The newspaper will be a collection of 24 manifestos by artists, and the brief was like this: PIGDOGANDMONKEYFESTOS
I didn't have time to do the manifesto before I came to Japan, but thought I would do it here. I had a few ideas: one was to use the images from the Modes of Practice Manifesto workshop we did to make a 'how to manifest' manual sheet (this would have been quite a straight take on the theme) the second was to take the first 10 manifestos to appear on google images, and take one point from each - so the first point from the first, second point from the second etc. If I had have done that I would have ended up with this:"Racing around a fireball is a blob of filth on which ladies stockings are sold and Gauguins prized, truly a most deplorable business..." Walter Serner 1918
PIGDOGANDMONKEYFESTOS has been conceived as a collection of contemporary artists manifestos. Celebrating the stupidity of declaring your intentions to the world with the hope of changing it, PIGDOGANDMONKEYFESTOS will be a tragi-comedy of baroque minimalist clownery, grandiose and ill conceived in extreme.

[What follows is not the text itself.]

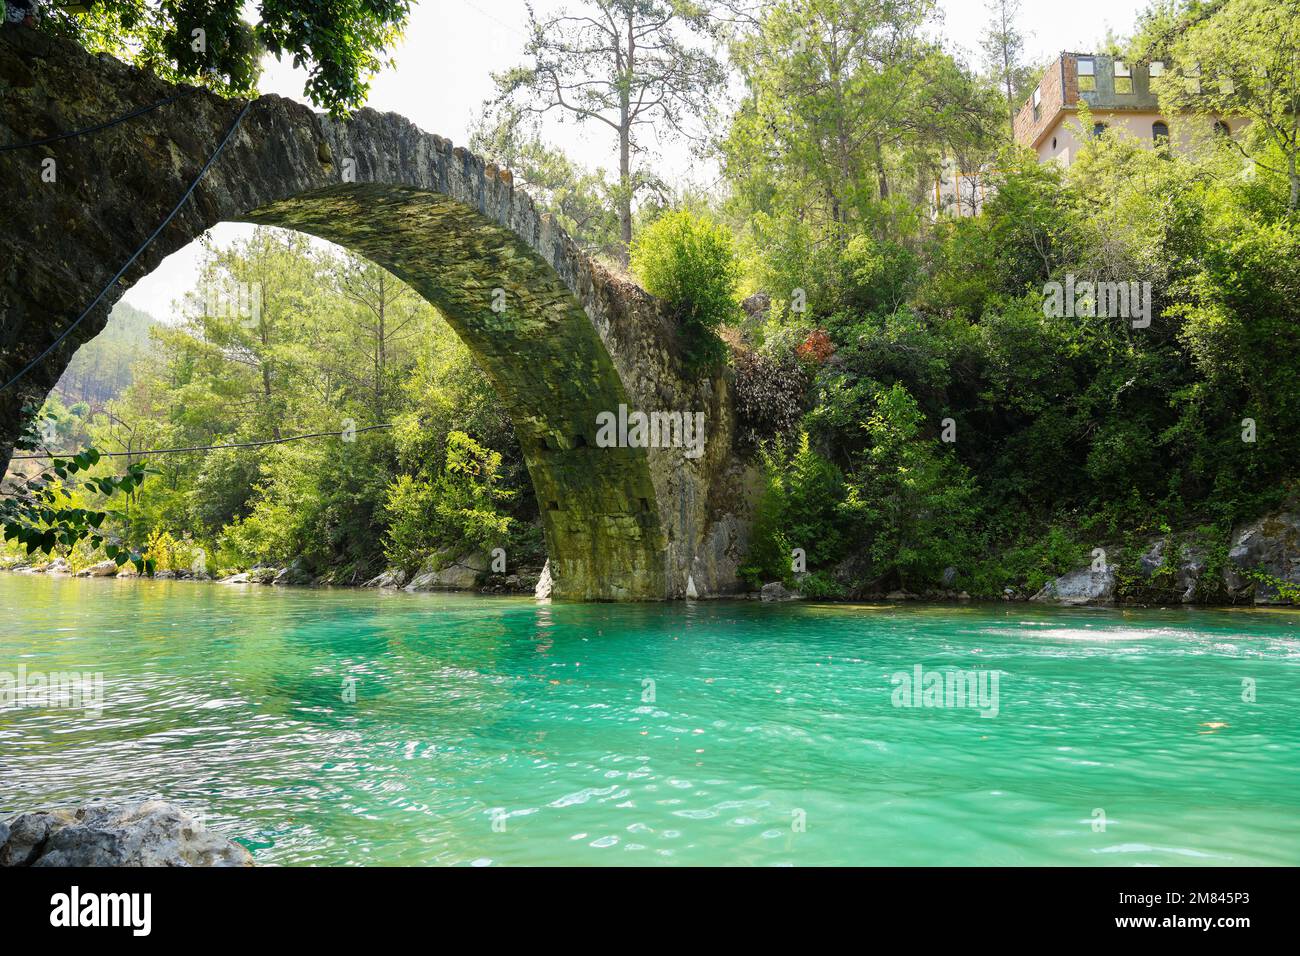 Ancient roman bridge on Dim river in Turkey. Clear turquoise water and green nature. Stock Photo

Like an over stuffed letterbox at election time, PIGDOGANDMONKEYFESTOS embraces all the half-baked ideas, dead ends and prejudiced rants that make artists' manifestos wondrous artworks in thenselves. Accepting the paucity of the written word, images made in the spirit of the manifesto will also be included in this landfill of a publication.
24 artists are each to be given a single page.'
Then on the first night at Headspace, Okata-San the local farmer came around and demonstrated how to use leftover rice bran (the brown bit on rice) to improve the nutritional value of cucumbers. There seems to be an unwritten manifesto on the mountain, where villagers all share resources: every day more cucumbers arrive, or someone brings aubergines, and Jamie and Aiko help Okata-San at harvest time, and he then provides them with rice for the rest of the year. Land and space is also shared, exchanges taking place are natural. Another villager arrived the other night with a ladder - saying he noticed that Jamie and Aiko were not picking their plums, (they don't have a long enough ladder) so he offered to pick them, in exchange for a share of them. They can be used to make plum sho-chu. So, this mountain village is all about recognising and sharing resources, helping each other out, supporting each other - a bit like some of the things we agreed in the 'Modes of Practice' manifesto workshop.
I decided to use the photos of the cucumber treatment for my manifesto manual, and I am quite pleased that something made in the mountains of Nara, Japan, will be distributed around London. I am looking forward to seeing the finished publication.